A Yale professor and a winner of the National Book Award, Mr. Gay writes with brilliant economy: In 177 pages, he delivers a quick but penetrating portrait. After reading it through once, I went back and used the text as liner notes (of the most erudite and illuminating sort) to accompany a borrowed set of Mozart’s complete works. The box of 170 discs in color-coded envelopes was somewhat overwhelming. Sure, if you’ve got all the time in world, you can start at the beginning and listen through to the end. But, as when reading the Bible, it helps to skip around.
During my studies, the Metropolitan Opera was performing “La Clemenza di Tito,” which will be presented in concert form during the Mostly Mozart Festival. Though the opera was an example of Mozart going back to an older form of opera, after he had already advanced the form, the flavor of his work was immediately attractive.

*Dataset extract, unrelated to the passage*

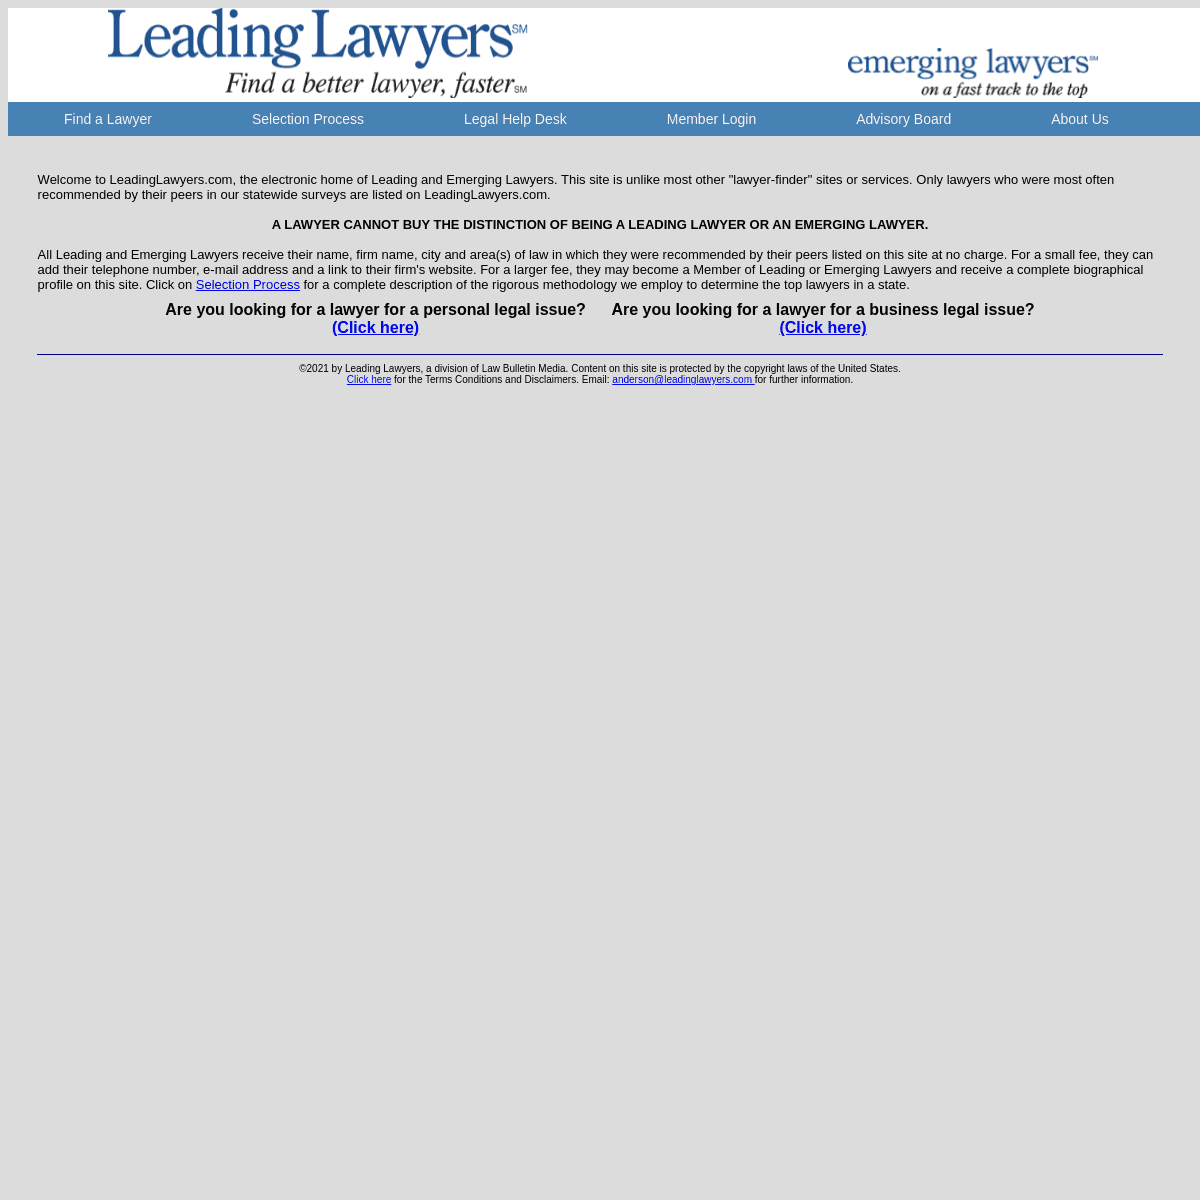 A complete backup of https://leadinglawyers.com

The opera also illuminated the fact that Mozart was, in addition to a creative genius, a writer for hire: “It glorifies the monarch,” Ms. Sisman said. “It shows off power.”
One thing I skipped in this crash course was the movie “Amadeus.” Though I’d seen it long ago, it seemed to offer only tangential benefits. “It’s good as a movie, if you don’t take it seriously. There is a kernel of truth,” Ms. Sisman told me. “It cannot be taken seriously as history.”
With that advice, I decided to stick to the music and to follow the spirit of Mr. Langrée’s just-enjoy-it approach. Mozart’s music, after all, is there for pleasure. “It’s complex, but not complicated,” he said. “It lifts your soul.”
NOTE: The 170-cd set mentioned in this story was Brilliant Classics’ Mozart Edition: Complete Works, which is available at www.amazon.com ($112).